Vermillion was convicted in 1997 of shooting and killing his former girlfriend in 1995, court documents show. He’s currently detained at the Pendleton Correctional Facility and won’t be released until around 2036. In July 2009, he was serving time at Indiana State Prison when three men known to Vermillion escaped from the prison and were later apprehended, according to Vermillion’s complaint. Vermillion said prison officials questioned him, believing he was involved in the escape. Vermillion said he shut down the interview after invoking his constitutional right against self-incrimination.

Vermillion received this explanation on a piece of paper, Filler said, but the law requires much more. Because solitary confinement can be so damaging to inmates, Filler said, Indiana prisons must conduct reviews of their solitary terms at the end of the 30-day period. “At every review, he would just get the same piece of paper over and over again,” Filler said. “No indication as to what he needed to do to get out. No consideration of how his behavior has been up to that point.”

Filler told IndyStar that Vermillion’s settlement is one of the largest she’s aware of for a person who is still serving a prison sentence. She compared it to the federal case of Aaron Irby-Israel, an Indiana inmate who said he spent more than 20 years in solitary and won $314,000 after a bench trial earlier this year.

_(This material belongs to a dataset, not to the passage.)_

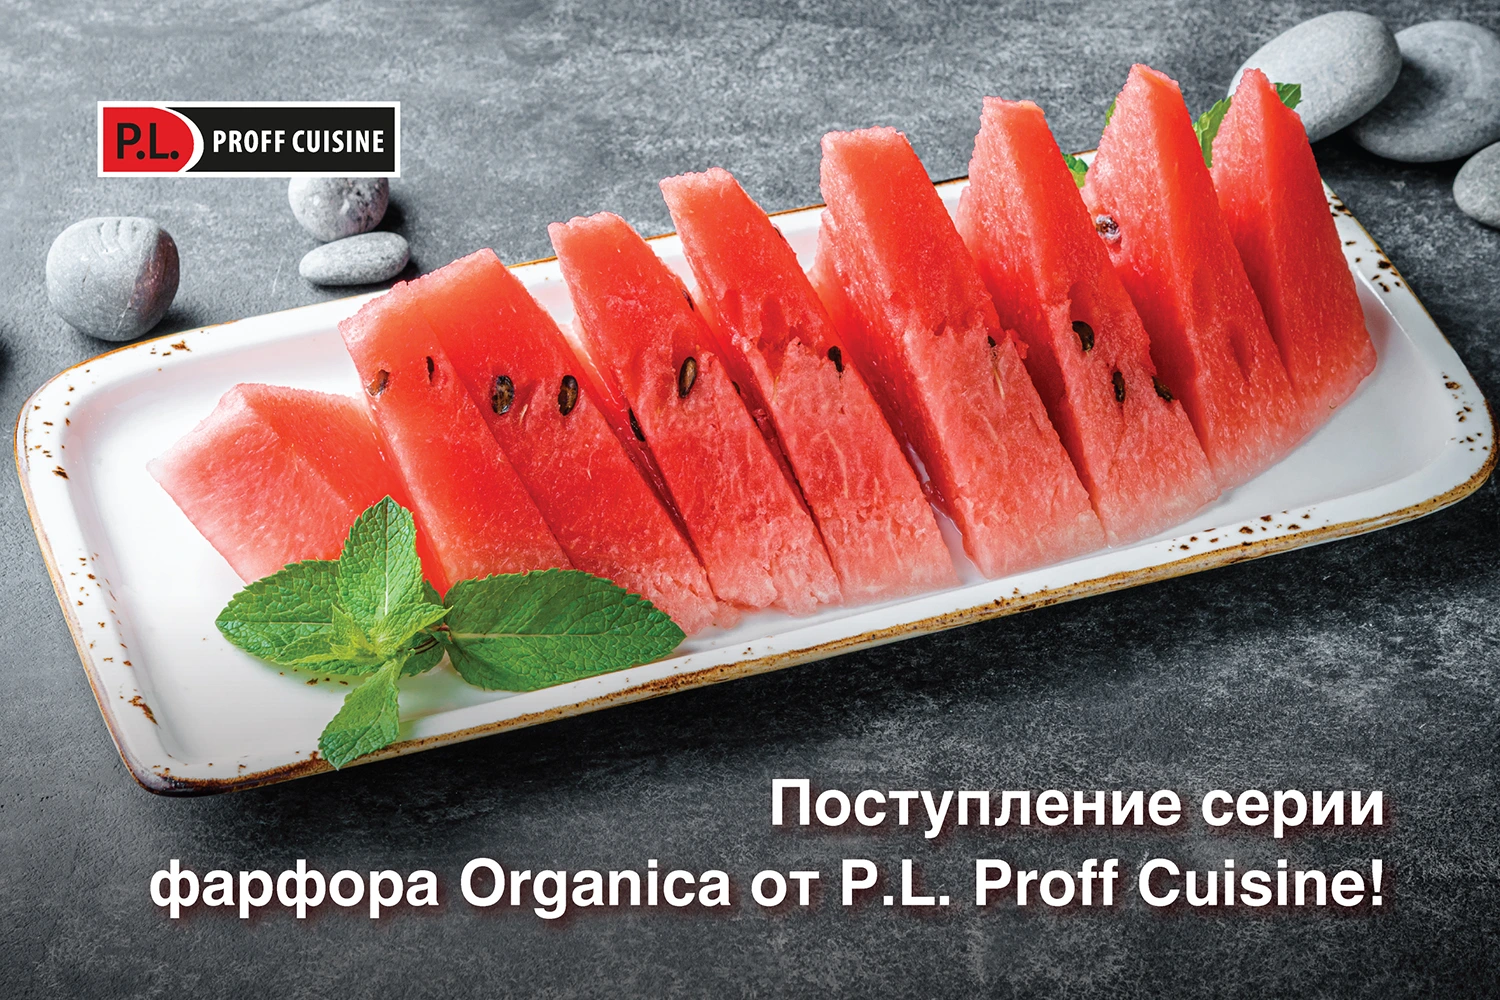 Поступление серии фарфора Organica от P.L. Proff Cuisine!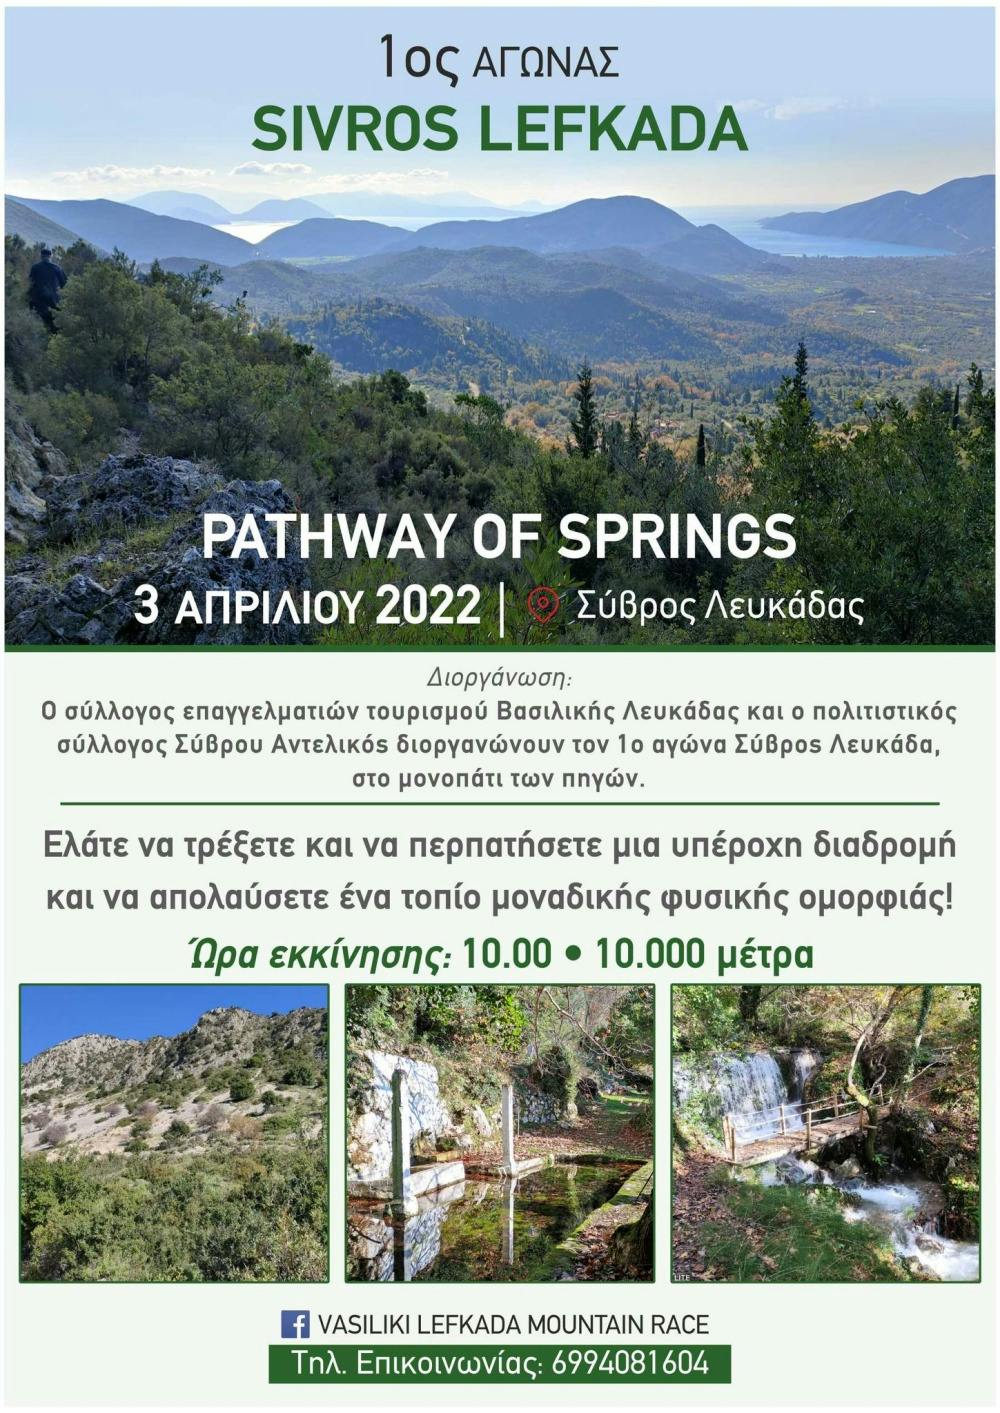 Προκηρύχθηκε για τις 3 Απριλίου ο 1ος Αγώνας Sivros Lefkada Pathway of Springs στον Σύβρο Λευκάδας runbeat.gr

Had his case gone to a jury, Vermillion, 59, could have possibly gotten more than $425,000, according to Jeff Cardella, a criminal defense attorney in Indianapolis. But with a murder conviction, he would have also been rolling the dice.

“Some clients are more sympathetic than others,” Cardella said. “And somebody who is in prison generally falls at the lower end of the sympathy spectrum. It’s not technically something jurors should be considering. But jurors are human. And it’s something they do consciously or unconsciously consider.”

Cardella said $425,000 is not an unreasonable number, given how damaging solitary can be on individuals. The punishment, which has become more controversial over time, can cause severe depression, distortions and hallucinations, nightmares and lower levels of brain function, according to the Vera Institute of Justice.

Cardella said he believes such a punishment should be reserved for cases in which the inmate poses a serious danger to other inmates and prison employees, not used as discipline for bad behavior.

“We want as a society to have punishment for crime,” Cardella said, “and we want to be protected from people who are potentially dangerous. But at the same time, we don’t want the punishment to be sadistic or unnecessarily harsh, merely for the point of harming another individual, even if that individual has done something.”